In such an urgent and widely debated context, this exhibition aims to be a space where the questions anyone working might face can be asked and encountered, bringing them into dialogue with experiences of those who have attempted, in practice, to respond. How? By comparing with the experiences and insights of entrepreneurs, managers, employees, professionals, and non-profit entities, both Italian and international, of different ages. These will be shared through brief video interviews.

The exhibition is divided into three sections: background context, key questions, and testimonies, built around themes particularly urgent today that touch on the different facets of the meaning of work.

The first section is about working for what and for whom. The theme of purpose is increasingly central for many organizations, but often simply stating a purpose is not enough for workers to identify with it. This can be explored from both the company’s and the worker’s perspective. What is the purpose of my work? Should my personal purpose align with that of the company I work for? Not just why do I work, but for whom do I work?

The second section explores working with. Work means relationships — with colleagues and with the broader reality in the form and task each person is called to. Work is always about coming together. This raises the issue of encountering the diversity of others. What value does listening to others have in a company?

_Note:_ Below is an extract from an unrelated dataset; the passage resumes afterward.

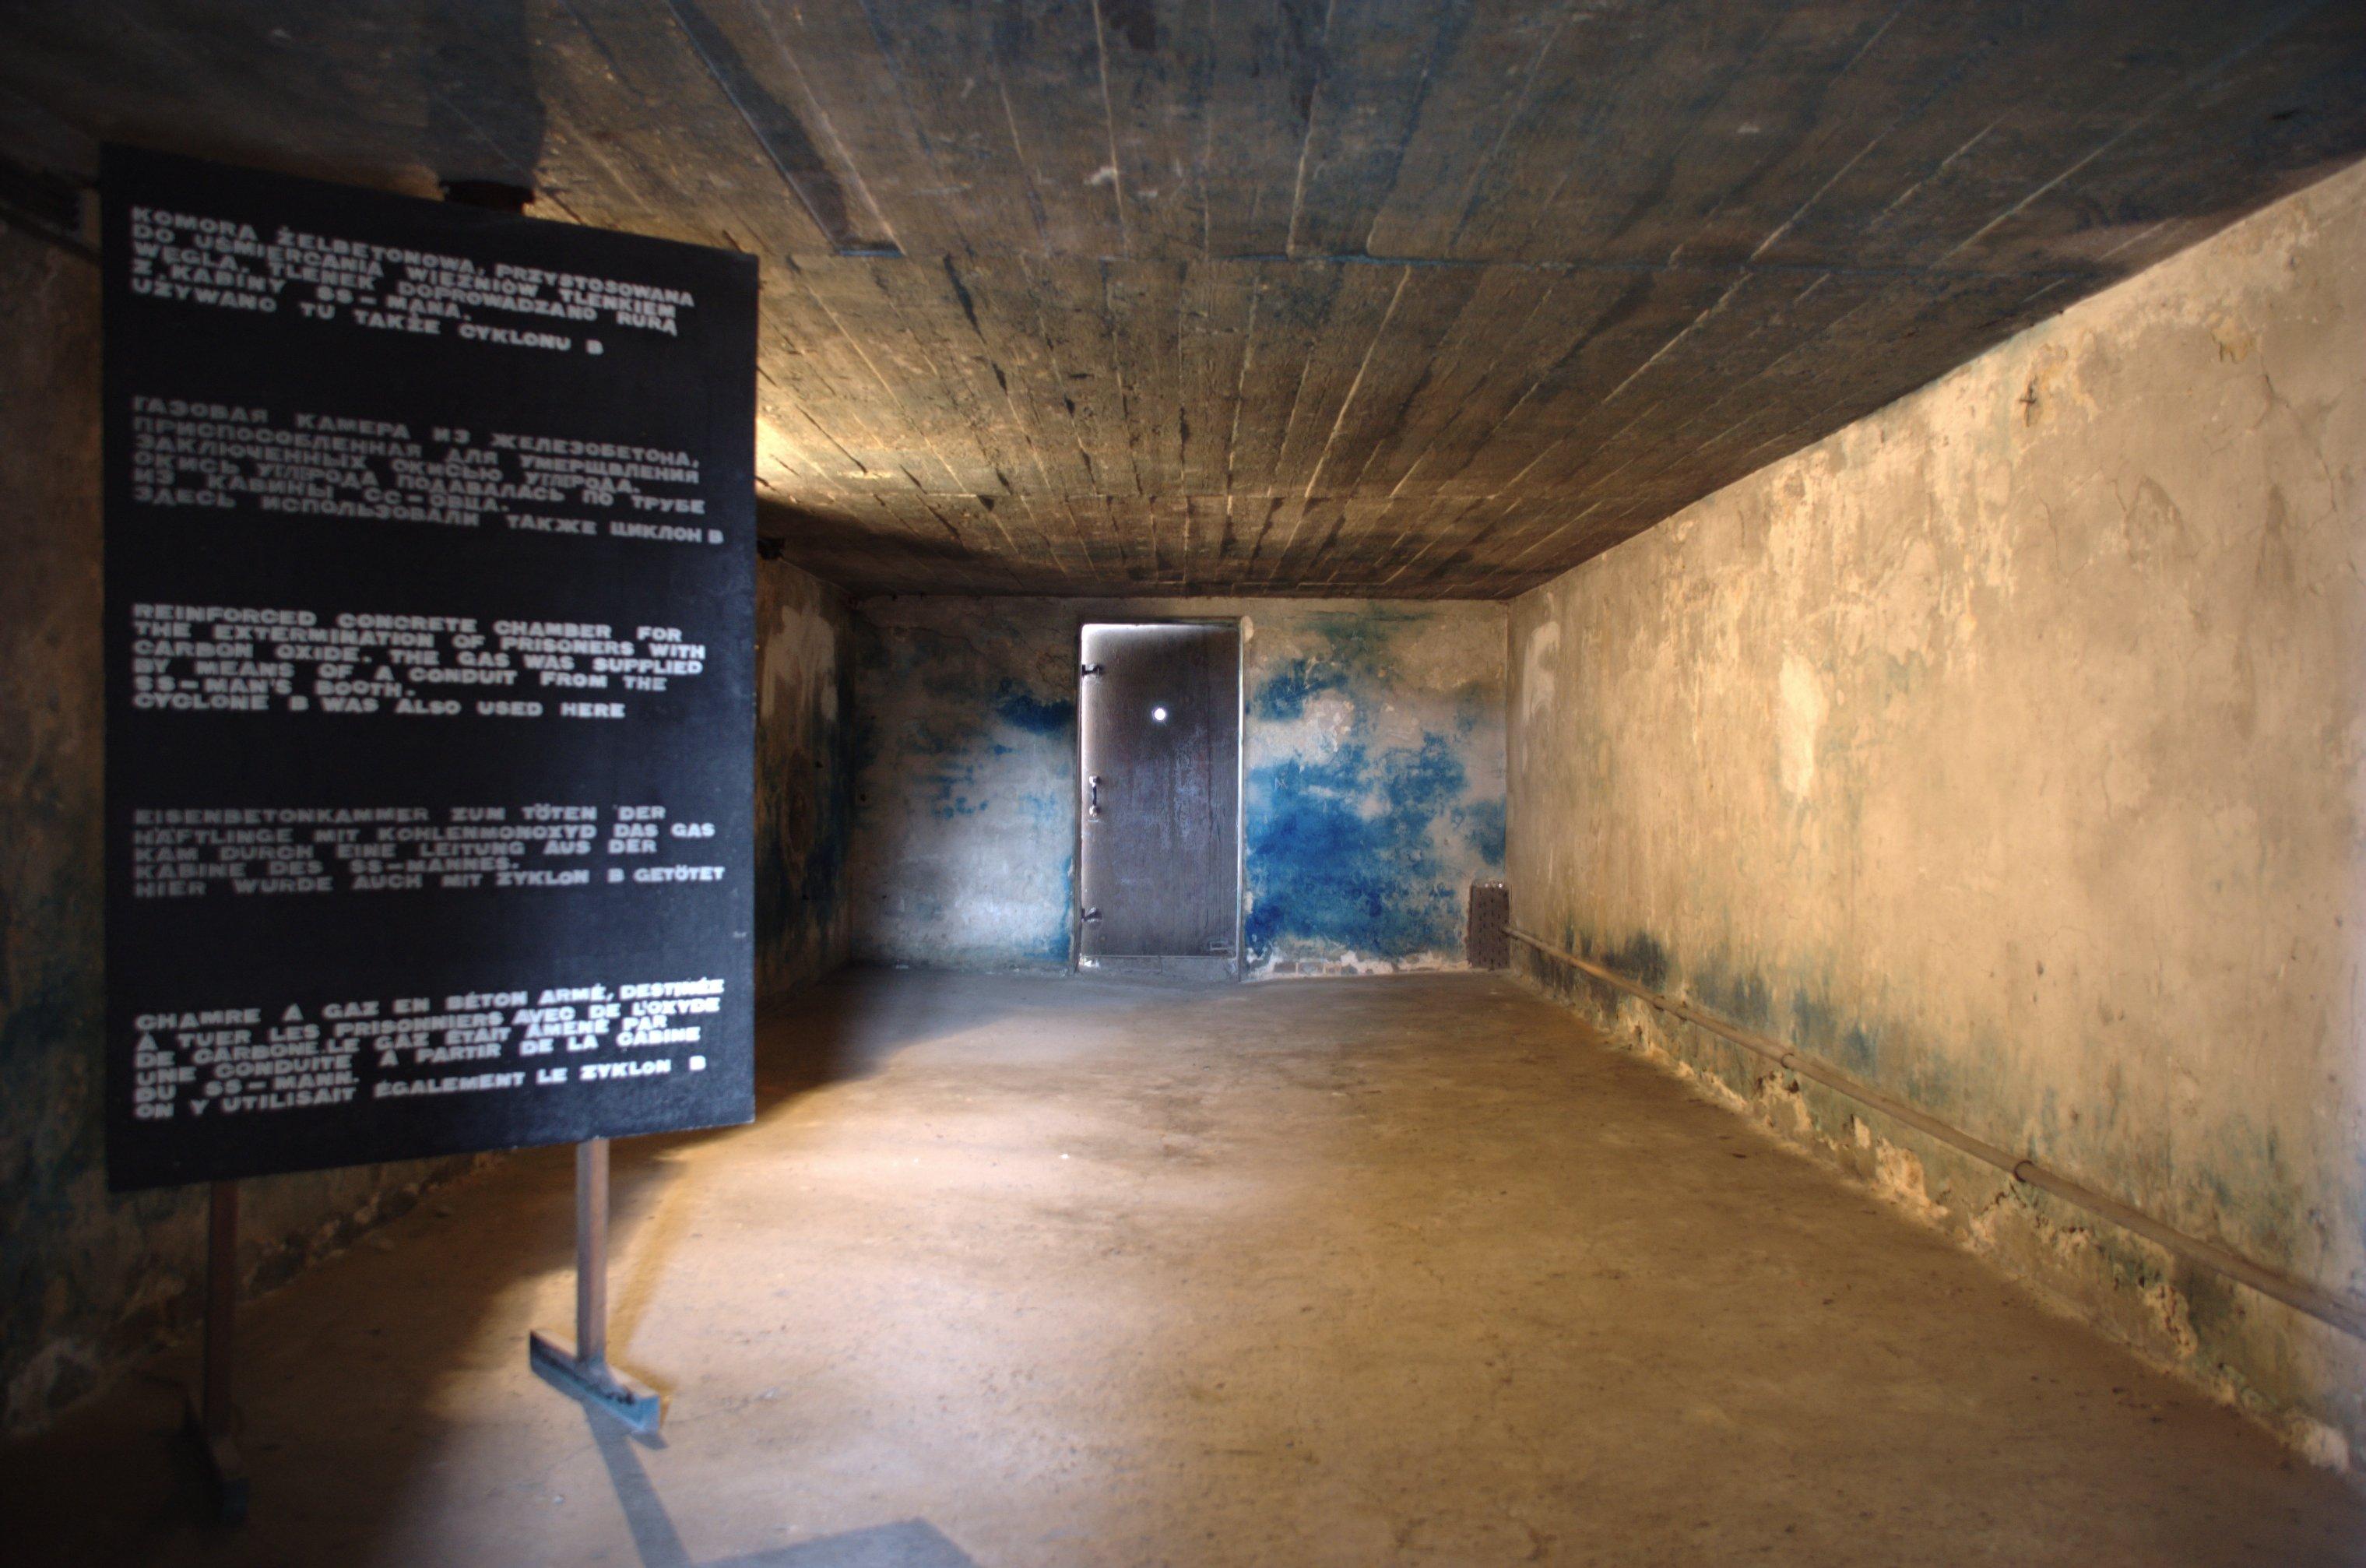 Chambre a gaz for Auschwitz chambre a gaz

What value lies in building mature and deep relationships at work?
But also: what does working in an office mean today? What does it mean to work from home? What are the advantages of working in a shared space? What are effective organizational models for smart working?
In a context where, according to Gallup, only 13% of Italian workers feel a sense of belonging at work, and Censis reports that 20.5% often and 48.1% occasionally feel their work environment does not foster cohesion among colleagues, these questions are more urgent than ever.

The final section addresses working how, starting from the observation that certain intrinsic and very concrete aspects of work raise fundamental questions about its meaning.
Take fatigue, for example: between 2013 and 2023, the number of workers resigning annually increased by 57%. Between sacrifice and exhaustion, work often seems detached from life. This raises many questions: Is the goal of working to find a balance between life and work? This idea is often criticized—but what is a constructive alternative today? Are life and work inevitably in conflict? Is it a matter of organizational tools or of deeper purpose?

Technology, particularly artificial intelligence, also plays a role: what kind of opportunity does it offer workers today? Is it merely a way to reduce work time, or can it improve how we work and free time for better activities?
More deeply, how do we face the demands, pace, and performance pressures of work? According to Censis, 24% of Italian workers often feel under too much pressure, and 49.9% occasionally. How does the legitimate desire to work well turn into a performance trap? Is performance always negative, or can it be directed toward a greater design?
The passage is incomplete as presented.